Almost a koan in it’s paradoxal effect; I do love
Kobayashi Issa’s Classic Haiku
"If my grumbling wife
were still alive I just
might enjoy tonight’s moon.”
Just in time to greet the winter winds dancing across the prairie, I was intorduced to this poem by Wallace Stevens.
The Snowman
BY WALLACE STEVENS
One must have a mind of winter
To regard the frost and the boughs
Of the pine-trees crusted with snow;
And have been cold a long time
To behold the junipers shagged with ice,
The spruces rough in the distant glitter
Of the January sun; and not to think
Of any misery in the sound of the wind,
In the sound of a few leaves,
Which is the sound of the land
Full of the same wind
That is blowing in the same bare place
For the listener, who listens in the snow,
And, nothing himself, beholds
Nothing that is not there and the nothing that is.

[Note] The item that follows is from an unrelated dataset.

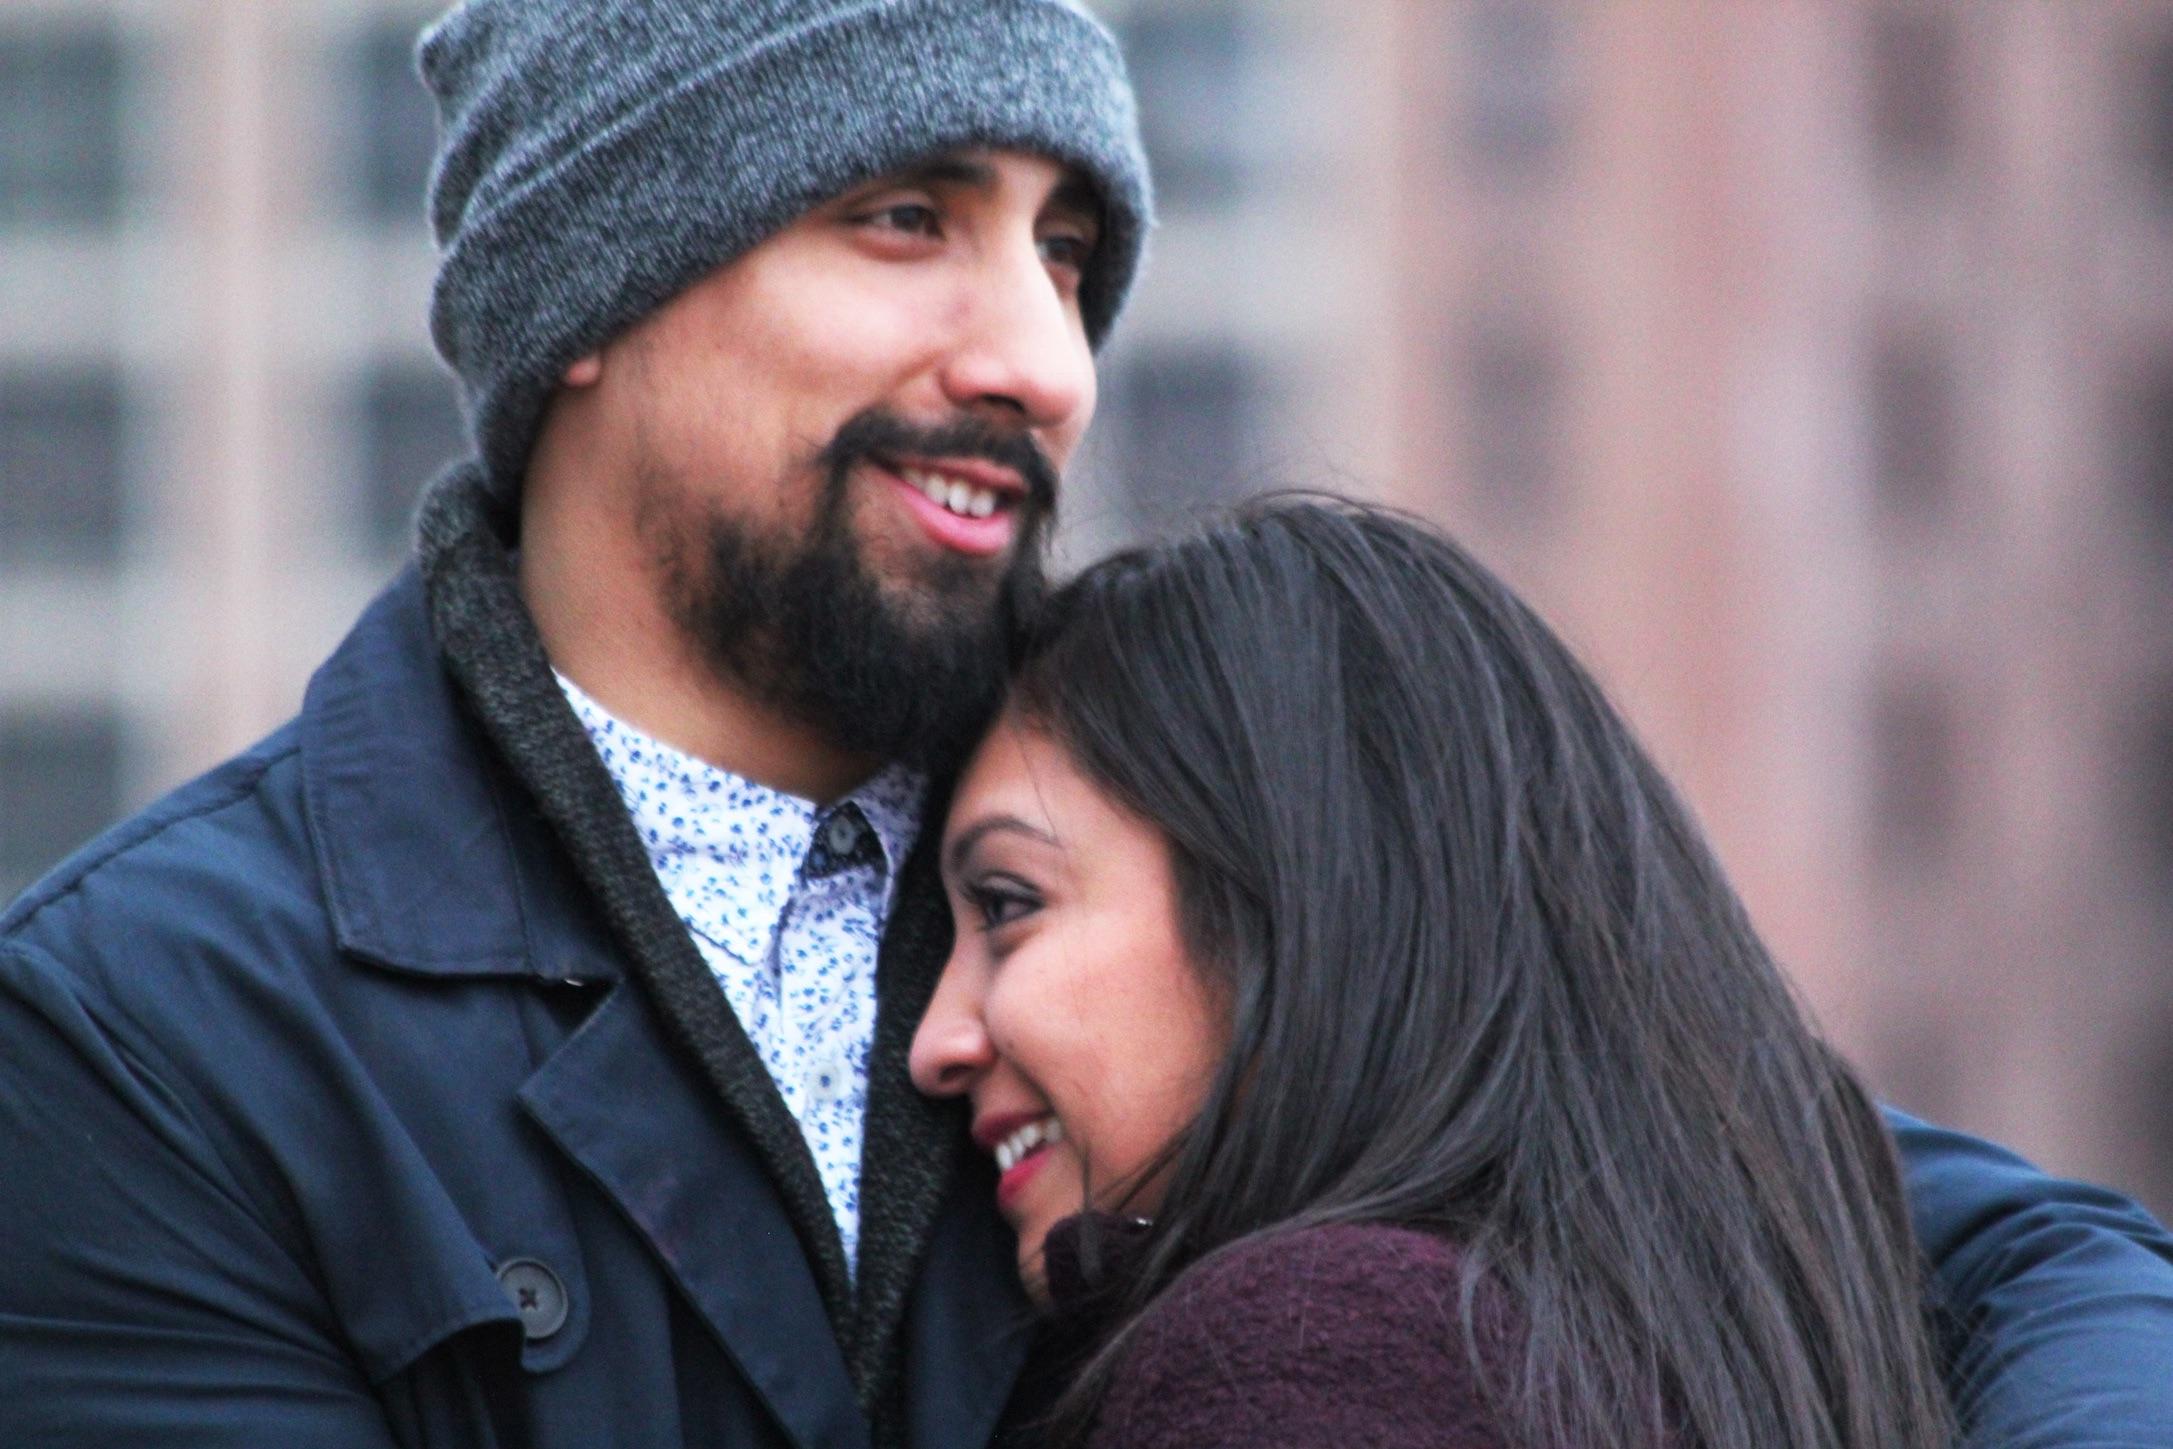 Image 6 of Kelly and Alvaro

Thanks to all that post poetry here for all of us to share and pass on.
Ellie
The Generosity of Sharing One’s Pain
The Generosity of Sharing One’s Pain
Thank you for sharing your pain
And for taking me to that place I have prohibited myself from visiting
That place where my sadness resides
Thank you for sharing your pain
And for allowing me to shed tears with you
Not only for your suffering, but also for mine
Thank you for letting your pain out
And for revealing a escape route for my own
And for sharing your story, ‘cause it’s my story too
And for reminding me that, in the end
We are all the same on this never-ending journey of change
Thank you for sharing your pain
And for reminding me that although this being human is not easy
I can find great consolation in knowing that I am not alone
That, in the most silent of all silences, we hold each other in love
And that is enough
That is enough
~ Piero Falci
Petaluma, California
February 7, 2017
Dedicated to all those gardeners who plant seeds of mindfulness
My first posting…Hope you all enjoy!
Wendell Berry: Words
What is one to make of a life given to putting things into words, saying them, writing them down? Is there a world beyond words? There is. But don’t start, don’t go on about the tree unqualified, standing in light that shines to time’s end beyond its summoning name. Don’t praise the speechless starlight, the unspeakable dawn. Just stop.
Well, we can stop for a while, if we try hard enough, if we are lucky. We can sit still, keep silent, let the phoebe, the sycamore, the river, the stone call themselves by whatever they call themselves, their own sounds, their own silence, and thus may know for a moment the nearness of the world, its vastness, its vast variousness, far and near, which only silence knows. And then we must call all things by name out of the silence again to be with us, or die of namelessness.
Delightful! Thank you very much for posting such a poem. Opens to the oneness of all.